Comparison of the simulation times for the two models shows an 80-fold reduction with hybrid SSA-Ω. A single simulation of SSA requires about 111 s whereas a single simulation of hybrid SSA-Ω requires 1.45 s.³⁰

CONCLUSIONS

This paper demonstrates the usefulness of the stochastic quasi-steady-state singular perturbation analysis and the stochastic quasi-steady-state singular perturbation analysis with Ω expansion (sQSPA-Ω).²³ These methods are well suited for situations in which some of the species in the system are highly reactive and sample mainly small (1 − 10) values. The reactant and product species may be present in either moderate values (<10³), in that case sQSPA is suitable, or in large values (≫10³), in that case sQSPA-Ω is suitable.

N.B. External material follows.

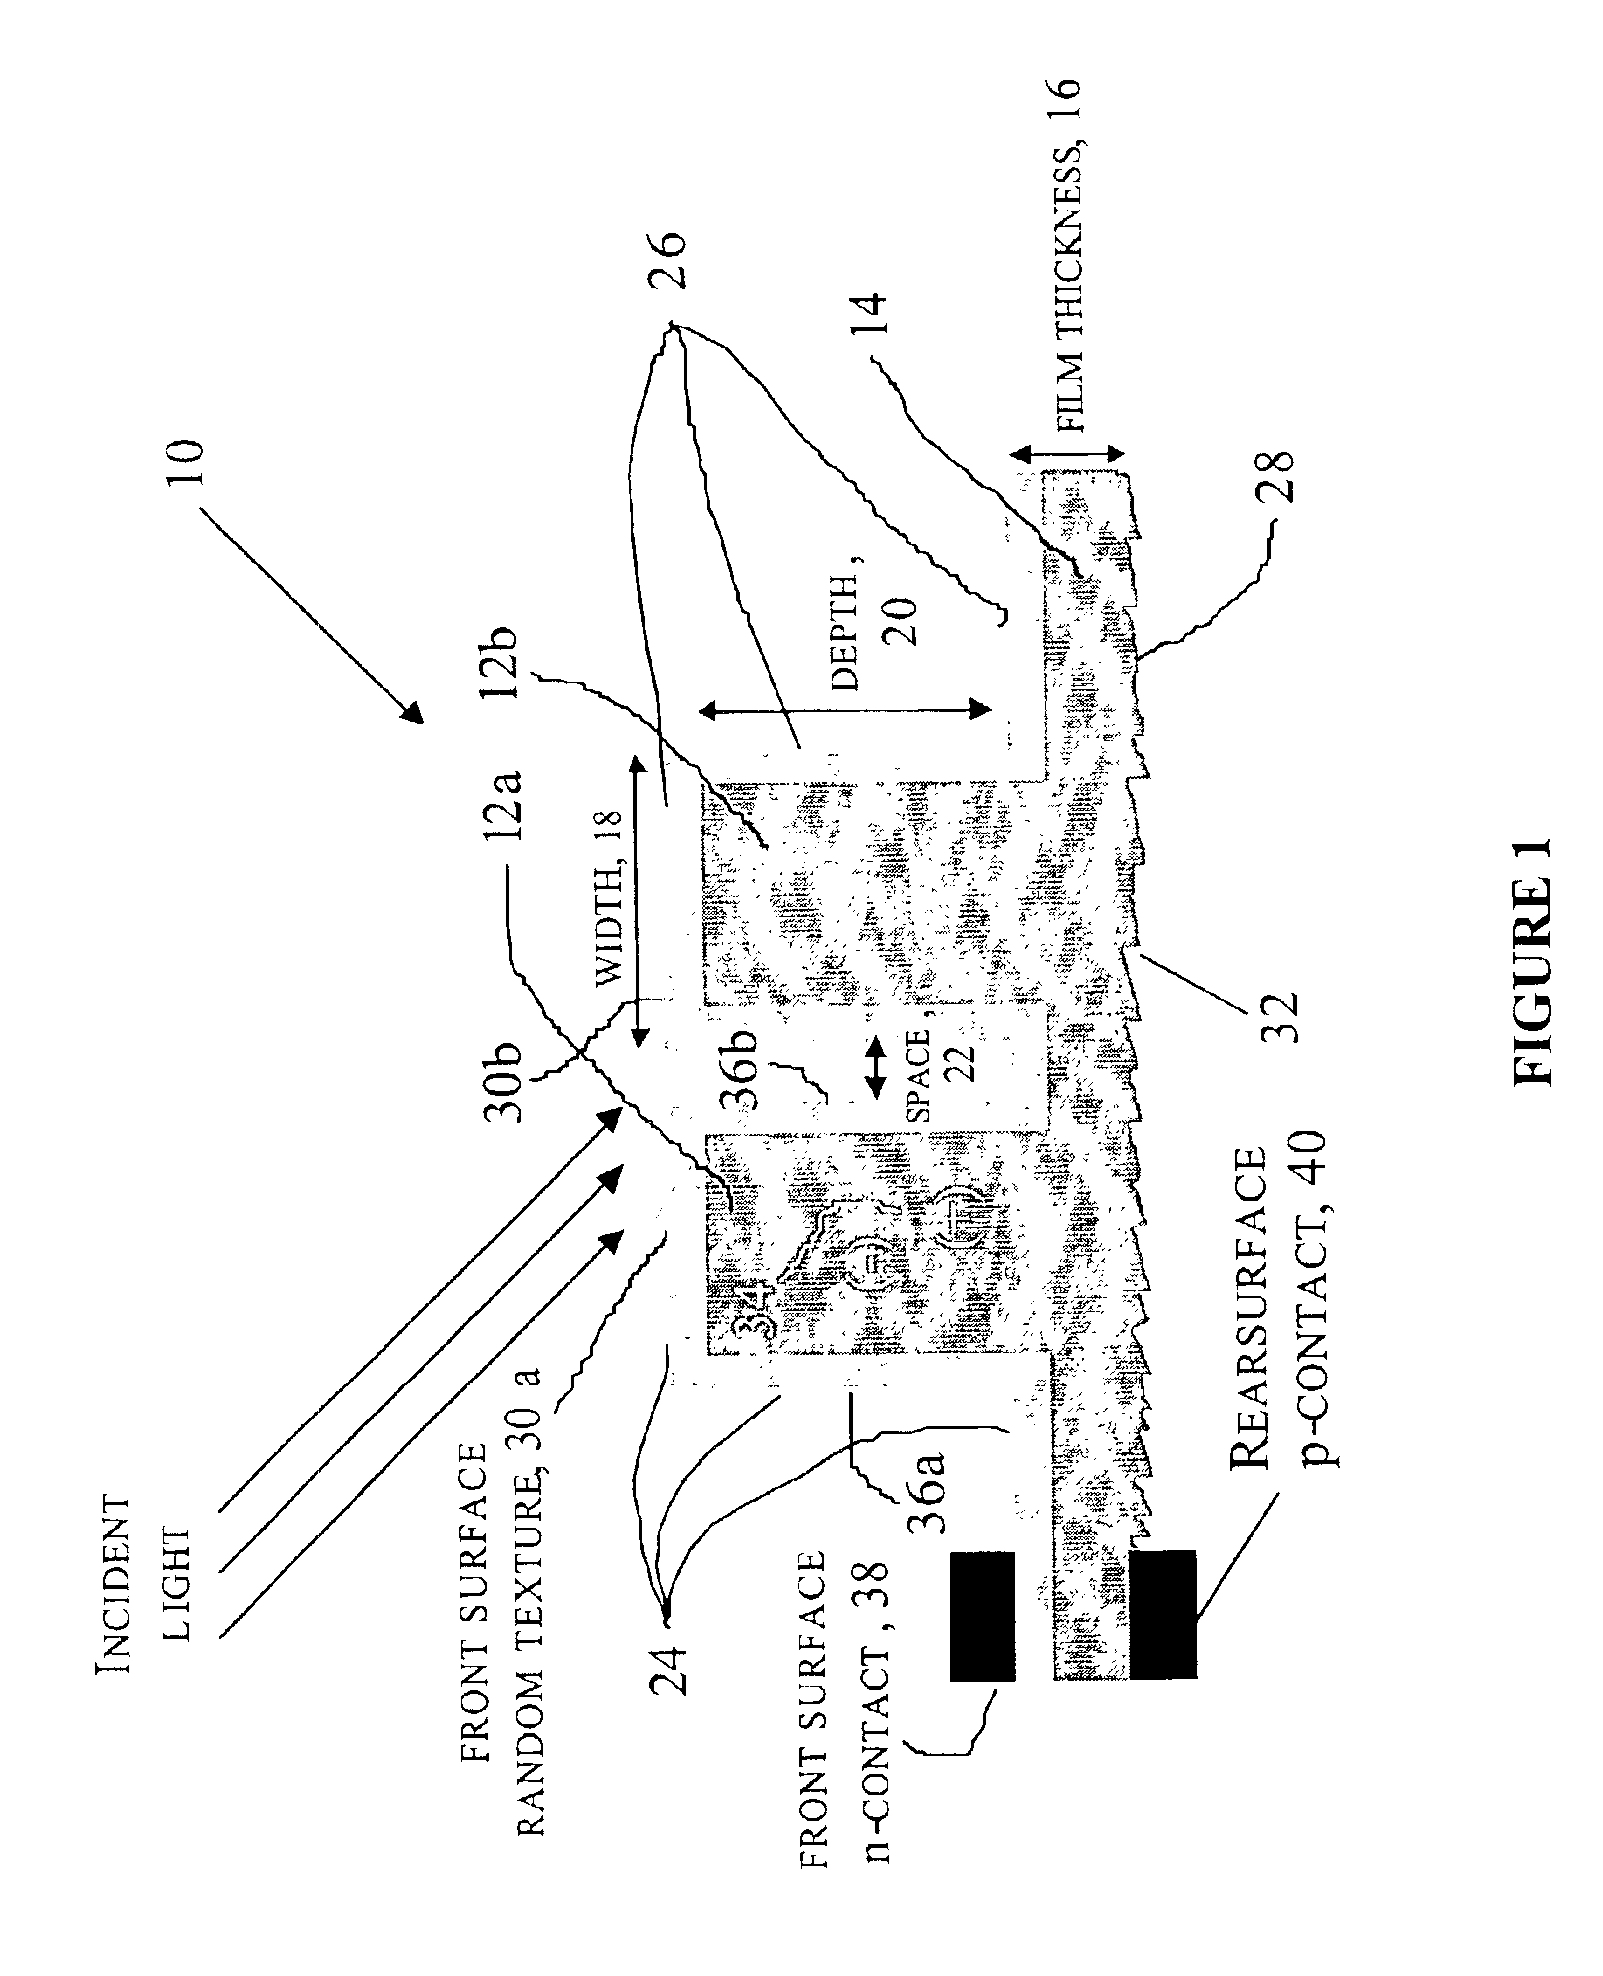 Method of making an enhanced optical absorption and radiation tolerance in thin-film solar cells and photodetectors

We considered three examples here. The first two examples, pap operon regulation and a biochemical oscillator, use sQSPA and the third one, fast fluctuation, uses sQSPA-Ω. The pap operon regulation full model consisted of four states, and the sQSPA reduction removed one low probability state (g₁). This example highlights difficulties in accurate rare state probability estimation using either SSA simulations or the recent technique proposed by Kuwahara and Mura based on importance sampling.²⁴ We showed that accurate estimation of the rare state probability (g₁) can be obtained using the probabilities of non-rare (g₂, g₃) states and the analysis provided by sQSPA. The biochemical oscillator example contained one species (M_A) that sampled mainly zero because of the rapid M_A degradation reactions. The sQSPA reduction converted the estimation problem of two large rate constants into the estimation of one well scaled parameter, their ratio. Also the reduced model showed a 160-fold decrease in simulation time. The fast fluctuation problem exhibited one species fluctuating rapidly and another increasing rapidly. We applied an extension of sQSPA-Ω that we call hybrid SSA-Ω. Hybrid SSA-Ω leads to an approximate probability distribution of the fast fluctuating species. It leads to a combination of an ordinary differential equation and a Langevin equation for the rapidly increasing species. The reduced model of the fast fluctuation problem showed an 80-fold speed up in the computation time.

In stochastic modeling of biological systems, certain characteristics are desirable: fast simulation times, ability to compute rare state probabilities directly from simulation, and ability to readily estimate model parameters from experimental data. Many detailed biological models do not have some or any of these characteristics. Model reduction tools such as sQSPA and sQSPA-Ω can play useful roles in developing reduced models that do have these characteristics.